The OCI Chemical Trona Mine is located a few miles northeast of FMC, and is the smallest in output. Even so, it is a large operation, employing 430 people and extracting 2.7 million tons annually. For years it was owned by OCI Enterprises Inc., a South Korean company. It is now owned by the Ciner Group of Istanbul, Turkey, which purchased it for $429 million.
General Chemical has operated a trona mine for several decades, a few miles south of the FMC operation, employing around 500 people. General Chemical was bought by the Indian industrial conglomerate Tata in 2008. The fourth in the belt of trona operations is the Solvay Trona Mine, located south of Interstate 80, at the end of Tenneco Road. The mine’s owner, Solvay, is a French and Belgian chemical conglomerate.
East of the trona mines, near the town of Rock Springs, is another large mineral processing facility, the Simplot Rock Springs Phosphates Plant. This large fertilizer plant produces dry fertilizer for agricultural use. It is supplied by a phosphate mine near Vernal, Utah, which delivers the ore through a 96-mile long slurry pipeline buried in the ground. The plant also uses molten sulfur, which is supplied by pipeline too, from the region’s oil and gas activity. The plant is expanding, with the addition of a $300 million ammonia plant that makes the product from natural gas, locally produced, also delivered by pipeline. Fertilizer made here is shipped to farmlands of the midwest.
The plant’s owner, Simplot, is one of the nation’s largest privately-held companies, an agribusiness started in Idaho by J.R. Simplot. The company is known as the inventor of the frozen french fry. Simplot operates another major phosphate plant in Pocatello, and in California’s Central Valley. Fertilizer plants can explode violently, which is one reason this remote area is favored by the company. The other is the regional production and conveyance systems for minerals and gas.
Oil and Gas: Old and New
Wyoming was a major source for oil and gas historically, and still is, though to a lesser degree, as domestic plays like Bakken, Marcellus, and the broad sweep of domestic fossil fuel production expanded across the country.
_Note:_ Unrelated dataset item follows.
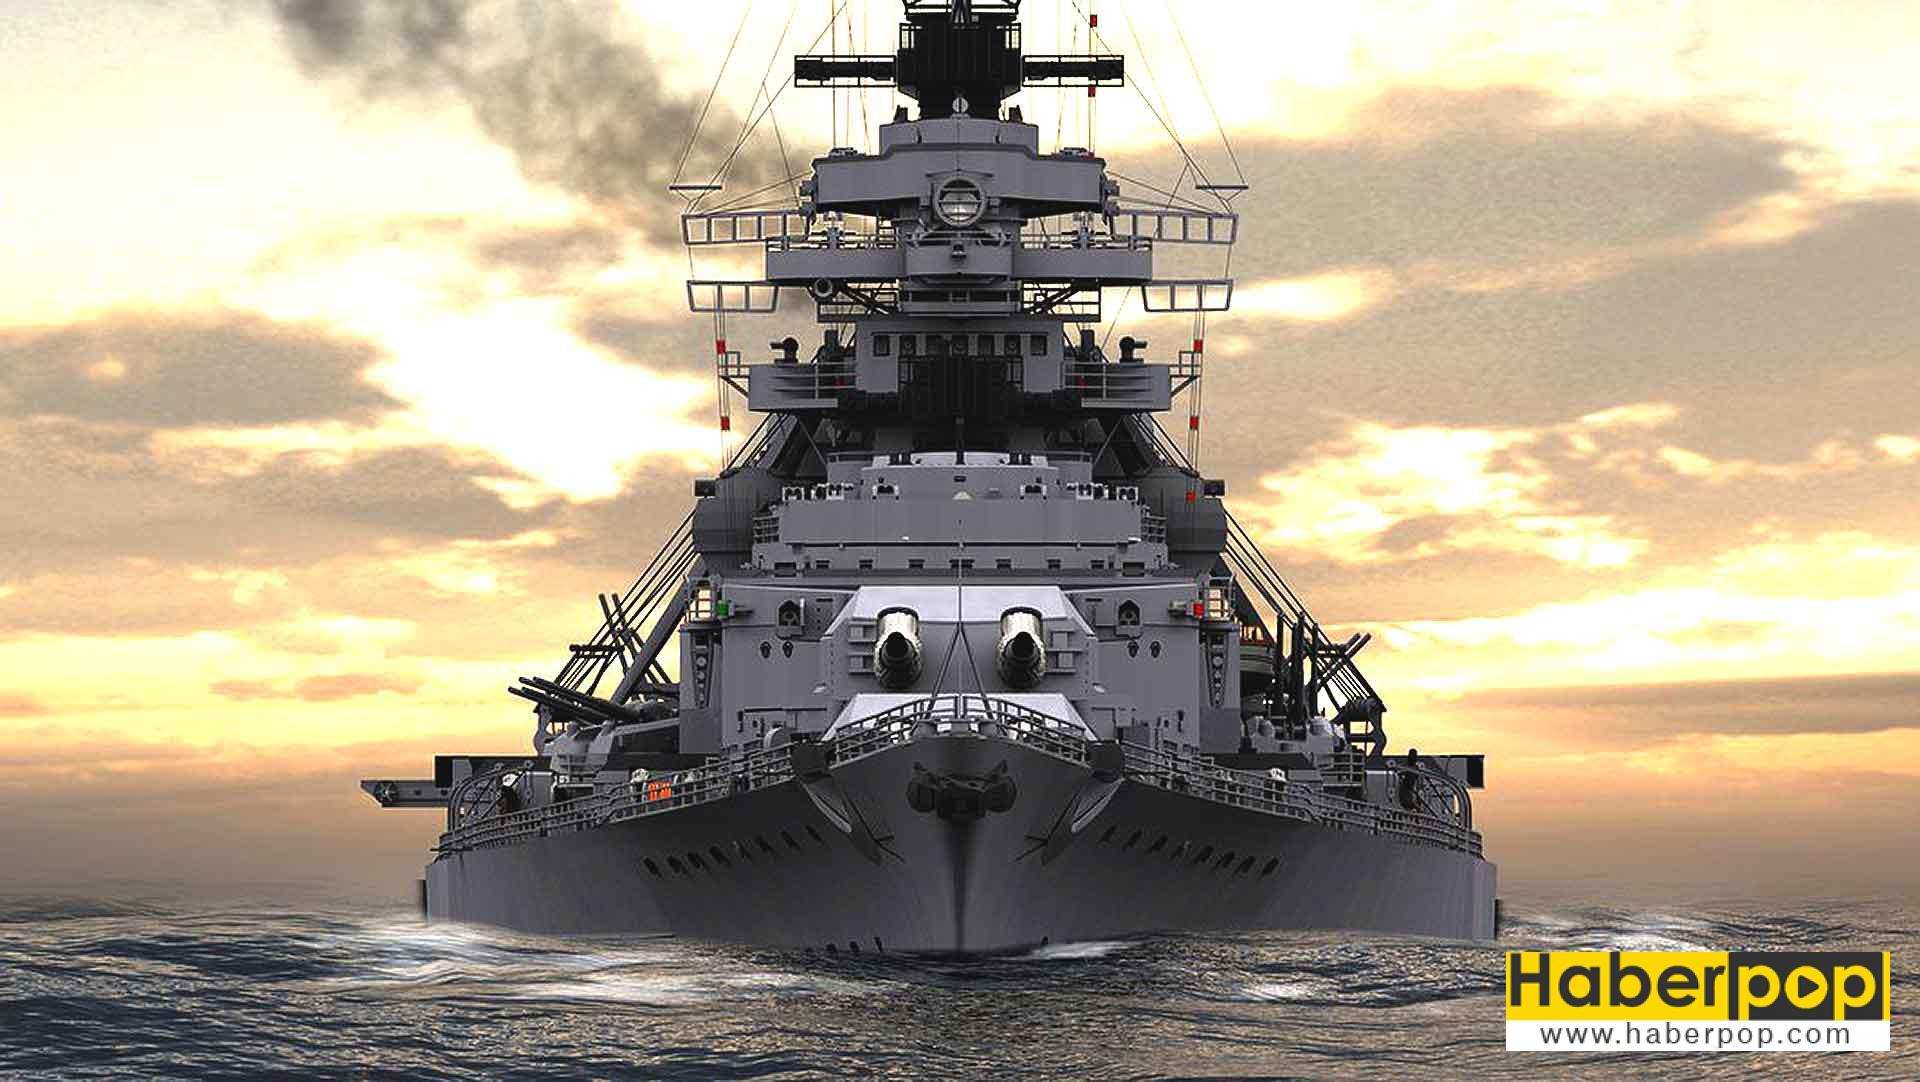 Dünyanın en büyük ve en güçlü savaş gemileri: Bismarck
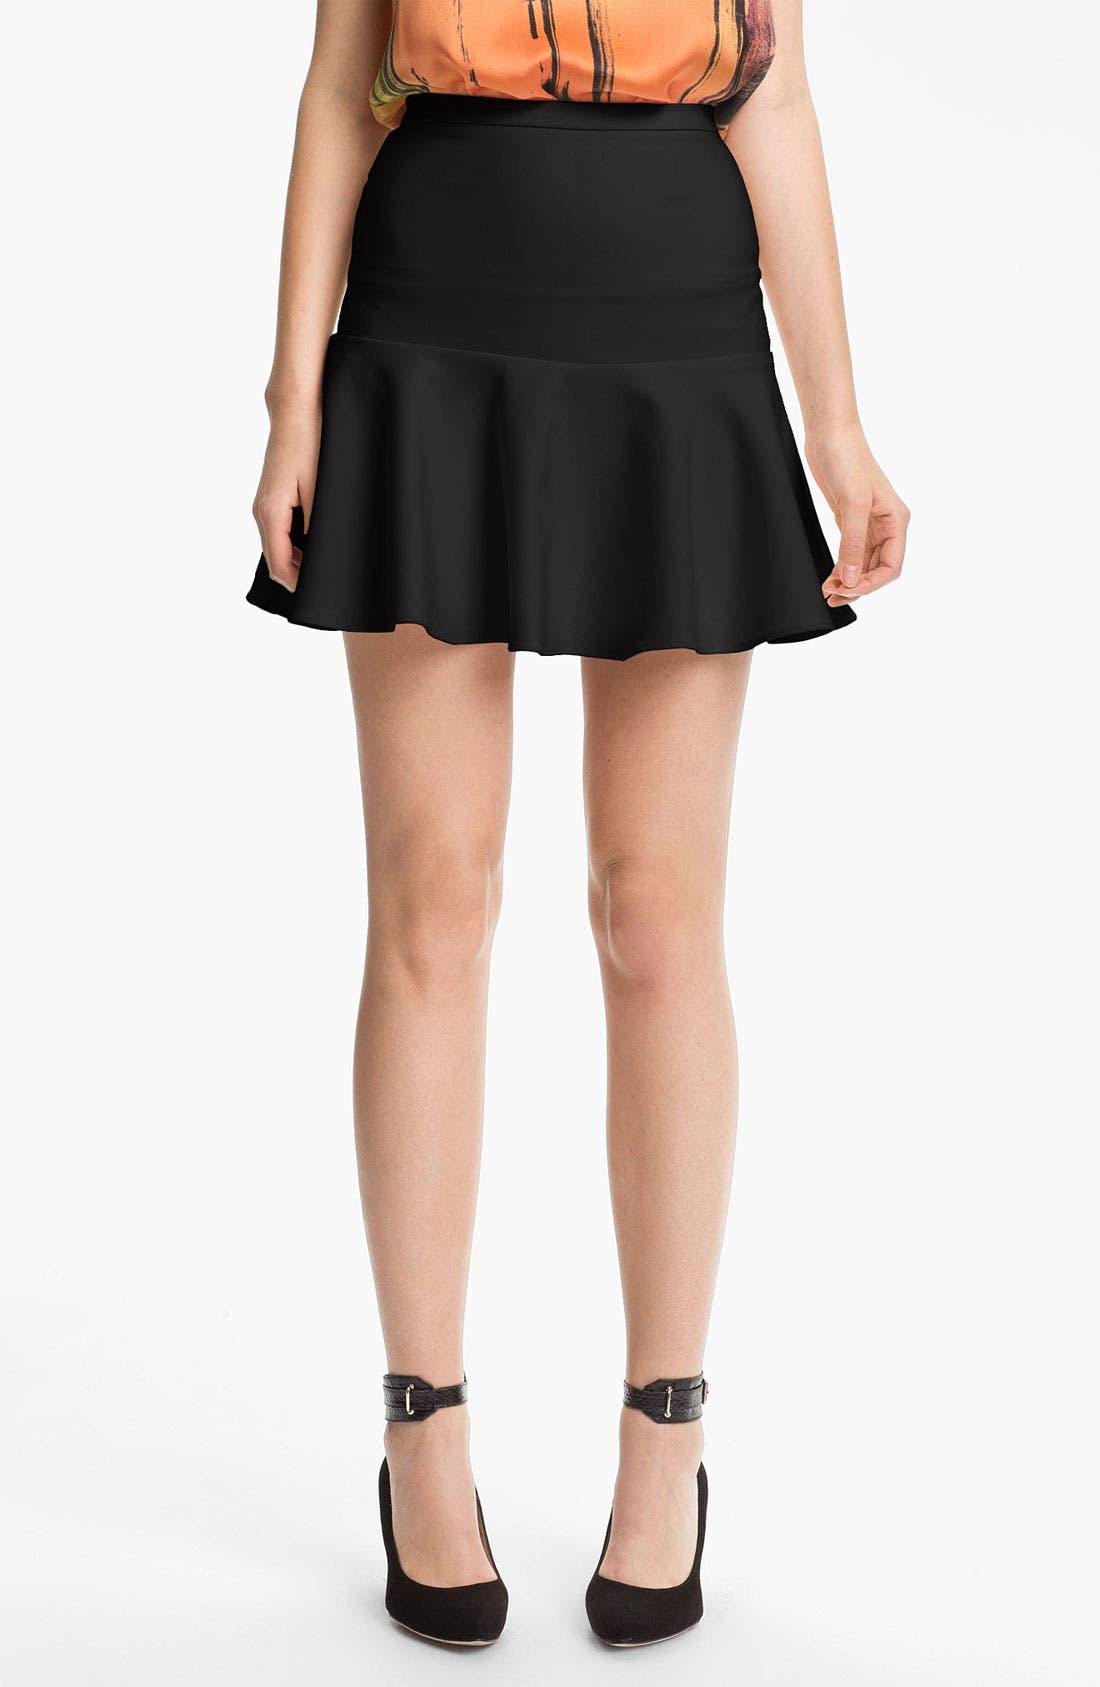 Alternate Image 1 Selected - Elizabeth and James 'Amalia' Skirt

Historically, it was the Salt Creek Oil Field region that boosted the state into a major oil provider in the early 1900s. The old oil patch around there is littered with remains from the era.
A large portion of the field was set aside by the federal government to be used only in the event of a national crisis or shortage, called naval reserves, as they were established initially as fuel supplies for naval ships. This reserve site was made famous by the Teapot Dome scandal in 1922, when commercial pumping was allowed from the federal oil field here, and from ones in California, by a Secretary of the Interior who had been bribed by the oil companies that did so. The scandal involved Harry Sinclair, the founder of Wyoming’s Sinclair Oil, who served six months in prison for his role, then moved back into his Manhattan mansion.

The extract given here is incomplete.